Bu fotograf gunese karsi cekildi :), bilin bakalim nasil cektim, ne kadar bekledim?
Ailenizin sanat kaygili fotograficisi Sermet, bulutlarla kapli Bell South binasi ve hemen yaninda bugulu Nations Bank'i objektifinde olumsuzlestirmis :).
Gene kandiriyorum sizi, o South Bell'i (dikdortgen prizma seklindeki gokdelen) kaplayanlar bulut degil elbet, sicak su buhari... Gene de o buharin gunesi kapatacagi achiyi bulmak icin az ugrasmadim.
Geceleri Nations Bank (Bank of Amerika) binasi aydinlatiliyor. Bu ufacik fotografta pek belli olmuyor ama bu binaya "pencil" denmesinin bir sebebi var. Yukseldikce incelen bir tepesi var, ve sanirim camla kapli, icerden sari isiklarla aydinlatildiginda pek guzel gorunuyor. En tepesinde ise beyaz mermere benzeyen bir "kalem" var :). Orayi da bembeyaz aydinlatiyolar.
Aksam ustu, gunes battiktan sonra kulagimda muzik, elimde kitap, onumde bu manzara, ahhh ahhh...
(O "ahh ahh", "nerde ODTU'nun stadyumu" anlaminda :( )


Bu da Plaza havuzunun detayli bir fotografi...
Dikkatli izleyicilerimiz bu fotografta uyguladigim "gunesten kolla, hay allah elim de cikti" teknigini hemen farkedeceklerdir :).


Bu da Plaza'nin Student Center birinci kat balkonundan goruntusu, arka planda ise Atlanta gokdelenleri. (yaw simdi fotograflarin orjinallerine baktim tekrar da cok guzeller, bunlari bu ufacik kotu scan edilmis halleriyle koymak yazik oluyor :(. Neyse scanner bulur bulmaz...
Bu arada, fotografi cektigim yerin hemen solunda Centennial Time Capsul var. Bir iki sene once oraya bir suru kisisel ve sosyal esyalar koymuslar, GATECH ogrencilerini ve sosyal yasamini temsil edecek seyler, ve orda 100 sene hapis kalacaklar :)... Benim pek hosuma gitmisti bunu ogrendigimde...

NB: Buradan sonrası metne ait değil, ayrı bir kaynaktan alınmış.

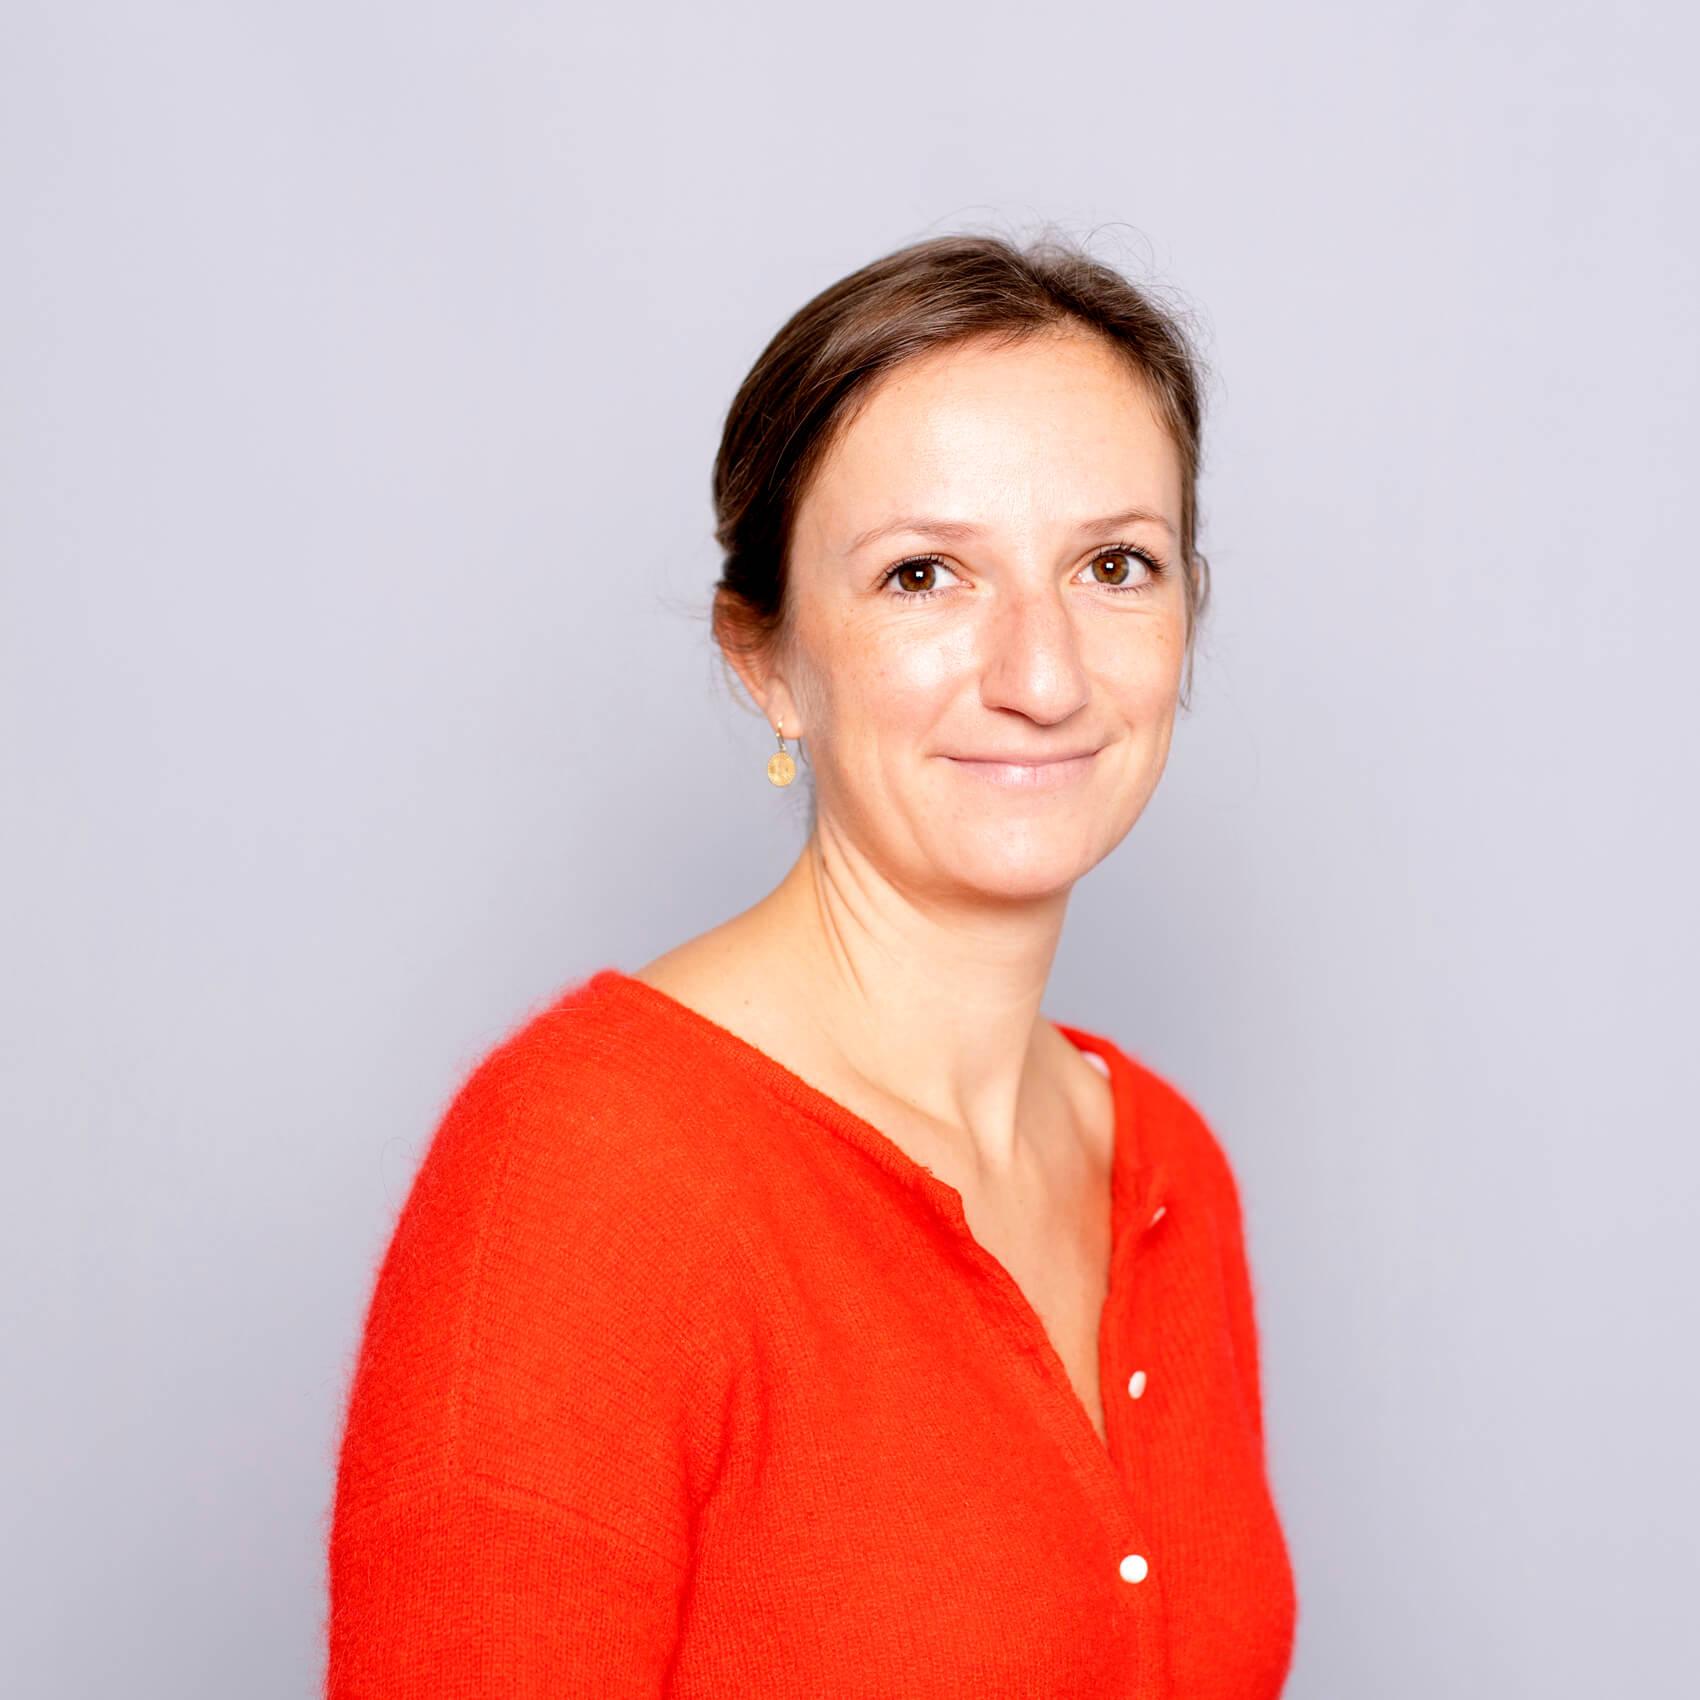 Célia Heidsieck

Artik geri donuyoruz. Plaza arkamizda kaldi.
Bu fotograf parka girerken cektigim fotografla ayni noktadan, ama tam ters acidan cekilmis. Bu sefer cikiyoruz...
Rengarenk cicek obegi ufacik fotografta hicbiseye benzemiyo :(, kesinlikle buyuk scan edicem bunlari!
Inanmak ne kadar zor bilmiyorum ama (ben artik yadirgamiyorum, burda korkunc bir biyolojik cesitlilik var, cunku bir cesit tropikal iklime sahibiz) bu ciceklerin uzerinde bir aksam ustu, "ari kusu" surusune rastgeldim :). "Ari kusu olduklarini nereden anladin" diyebilirsiniz, haklisiniz, tek gordugum havada asili kalmis vucutlar ve vucutlarin iki taraflarinda bulanik birseyler :). Ciceklerin icine dogru uzun kafalarini bir an sokup sonra da bir anda obur cicege suzuluveriyorlardi. Bence "ari kusu" olmalari icin yeterli kanit var...
Solda arkada Metalurji binasi gorunuyor, yolun hemen karsisinda ise Van Leer gorunmuyor :p.
Bu fotografin asil ozelligi cimenlerin uzerinde bir sincap olmasi!
Ama sanirim sincapcik, o hala alisamadigim -bana yer cekimine aykiri hareket ediyorlarmis gibi geliyor- uzun sicrayislarindan birini yapip fotografin disina cikmayi becermis :)
Ufacik fotografta bosuna aramayin, ben buyuk halinde bile bulamadim.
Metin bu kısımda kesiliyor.